For five months I did everything the Doctor told me. I wore the knee brace and avoided the activities he told me to avoid. I did weeks of physical therapy and all the follow-up exercises.
I followed all the rules.
But my knee did not get better.
As the weeks and months crept by and I dealt with daily pain and limitations, my frustration grew and I began to get mad at how this was still affecting my life, even after I had done what I was told to do to get better.
This wasn’t even my fault and it felt like such a stupid thing for it to be affecting my life so much. It made me angry.
Here’s the kicker, though. Thanks to picky insurance, it was a long time before they would approve an MRI which could better see what the exact injury was. Up to that point, they were mostly just guessing and trying to take the easy and least expensive way. Once they finally, just recently, did the more in-depth tests, they saw there was deep internal wounding. More so, they acknowledged that the continued grinding and wear on the wounded area for 5 months had exacerbated the injury. It wore away at all the cushioning cartilage in between my bones. Now, I am meeting with an orthopedic surgeon to determine best treatment.

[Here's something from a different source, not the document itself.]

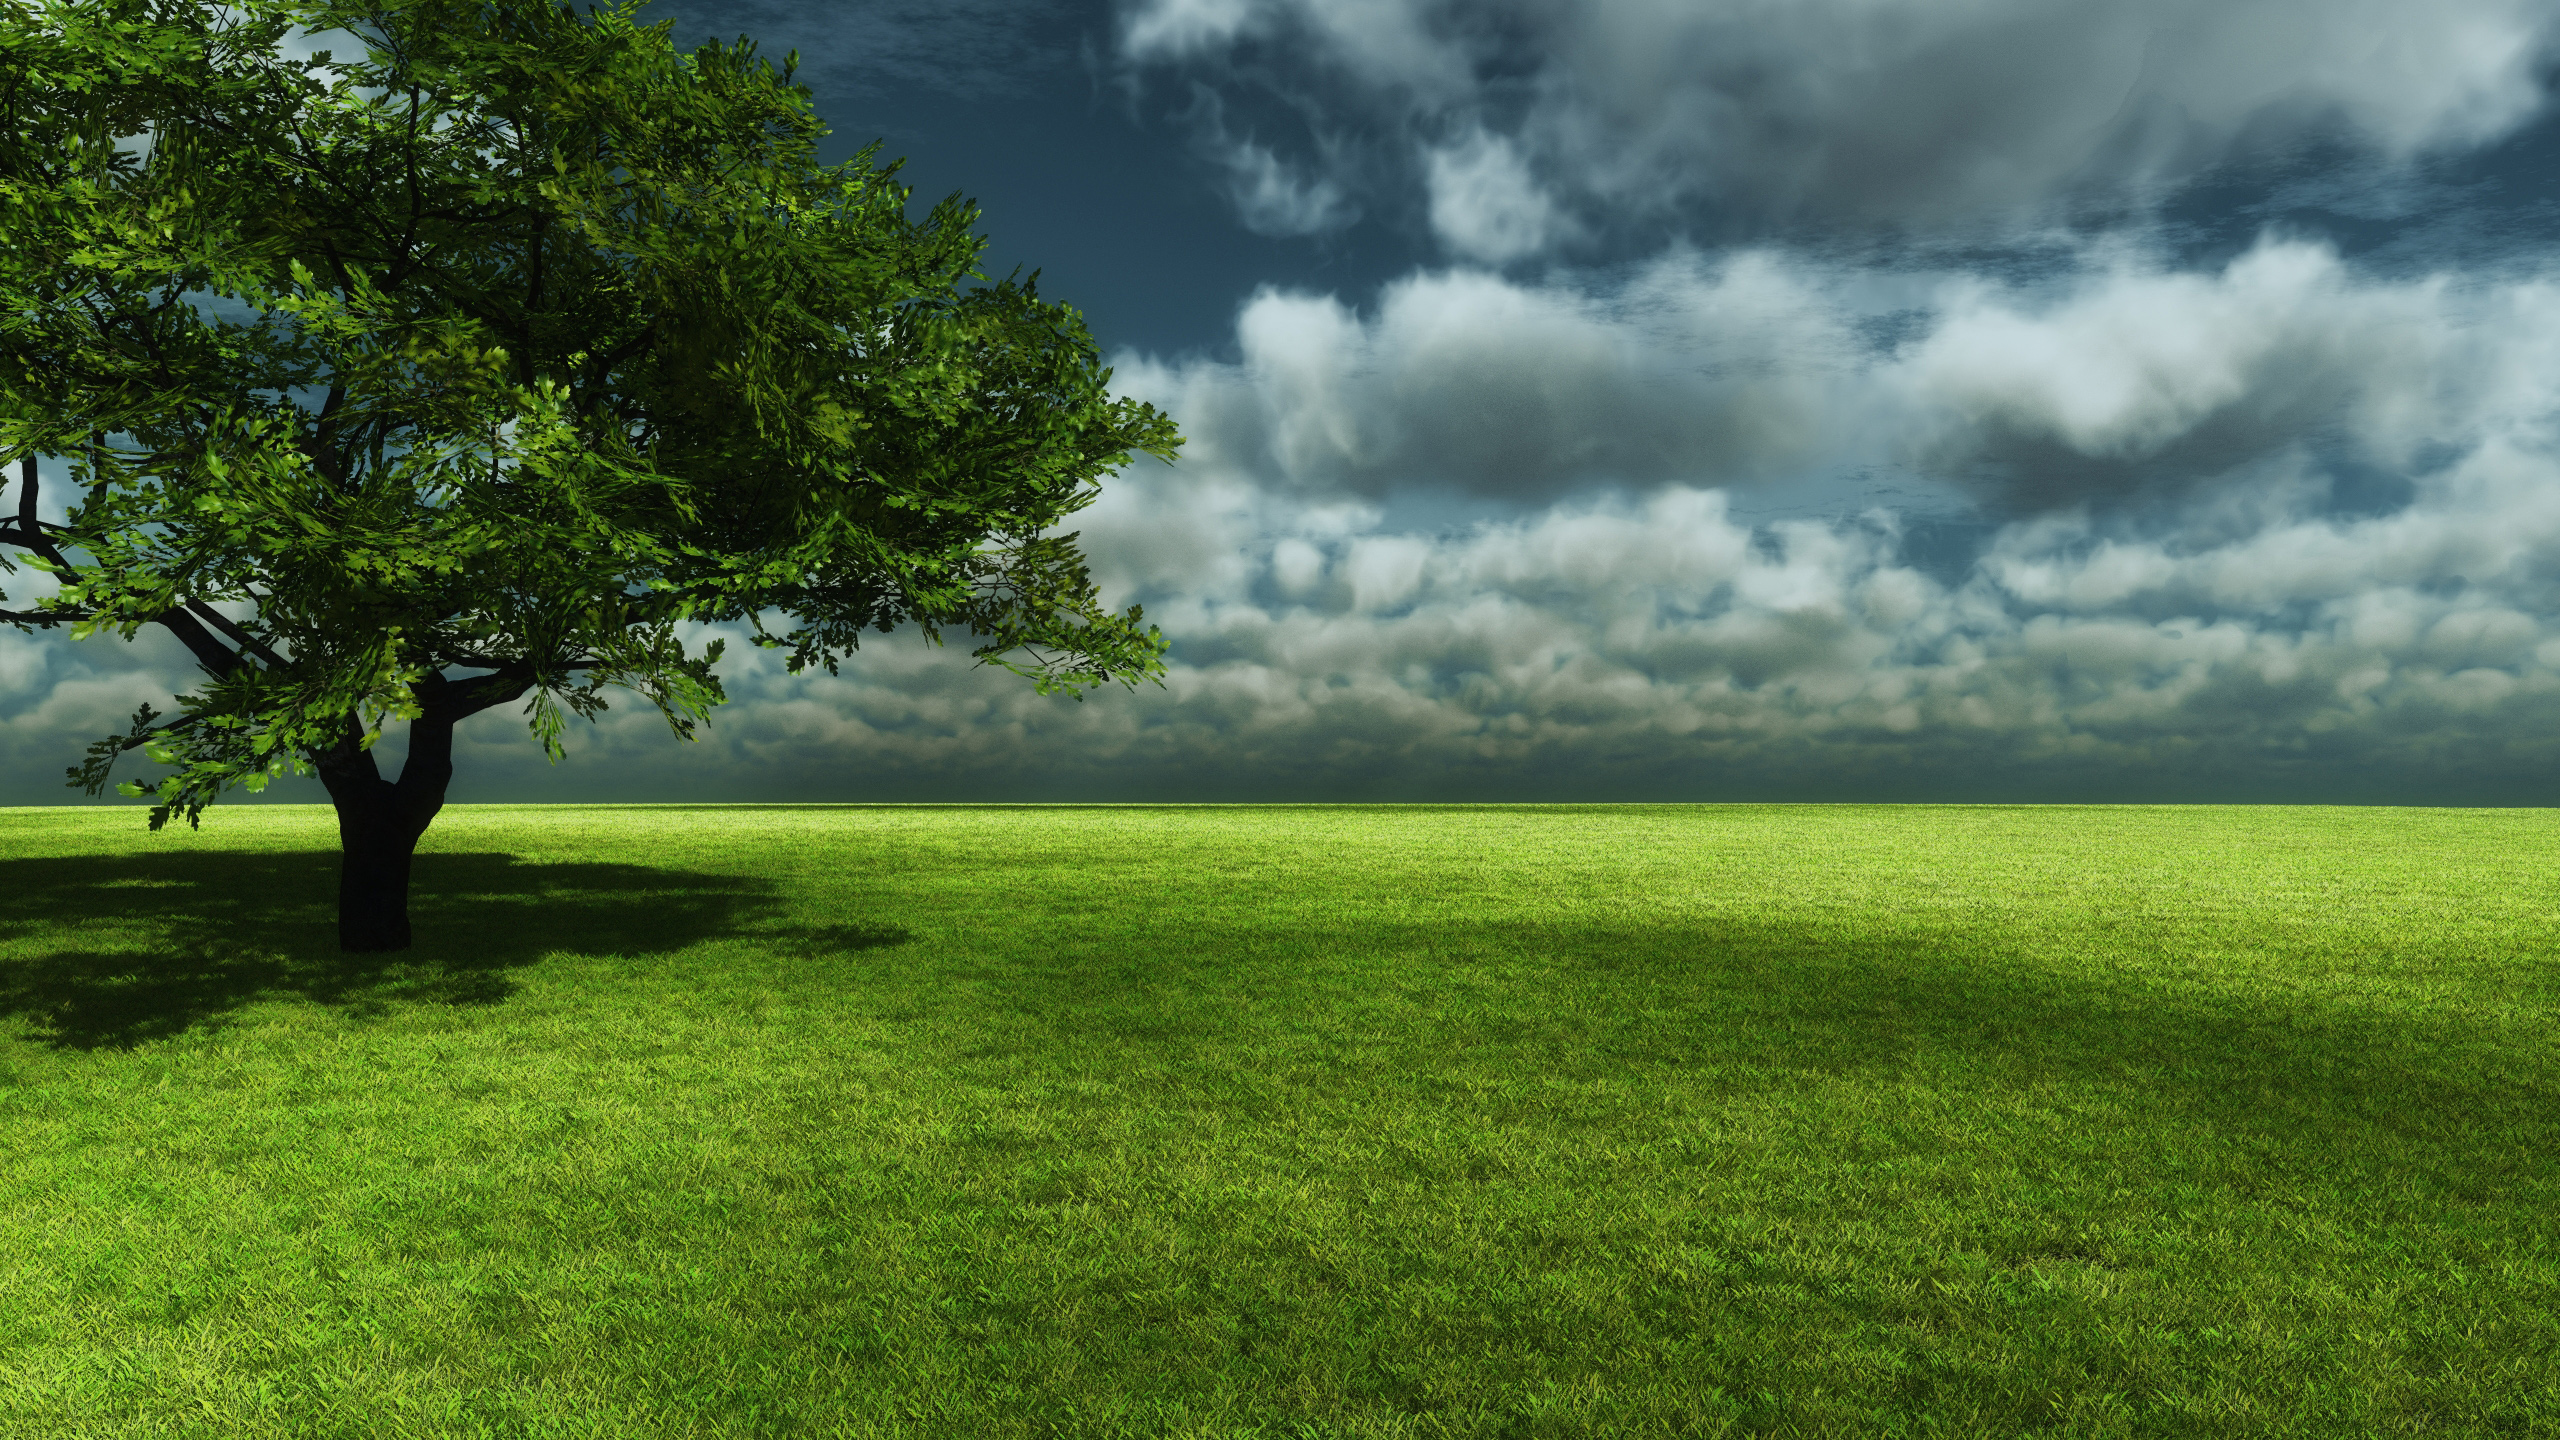 tree_of_life_wallpaper_2560x1440

I have often lately had to fight feelings of anger and irritation at the knowledge that this injury, this wound, may be something that leaves me with a permanent limp. The cartilage in between my kneecap and my thigh bone will most likely never be the way it was before.


Pondering all this lately at the very same time that I am on a journey with God learning about forgiving emotional and relational wounds is probably the only thing about all this that is NOT an accident! (Just kidding! I don't believe in accidents!) Today I kept thinking how closely these things correlate to each other. When people wound us with words or actions, it’s a lot like suddenly and unexpectedly being knocked to the ground. It hurts. It hurts our pride and our hearts and it knocks the wind out of us. Several details determine how quickly we get back up and how extensive our injuries are. Do we land on something hard (anger, resentment, unforgiveness), or something soft (grace, mercy, kindness, forgiveness)? Do we get immediate proper care (spiritually strong friends)? Do we get accurate diagnosis of the deeper problem (counseling or soul-care)? Do we wallow in our pain and baby our wound (woe-is-me, depression), or do the hard work to strengthen the weakened part (letting go, letting God be our strength)?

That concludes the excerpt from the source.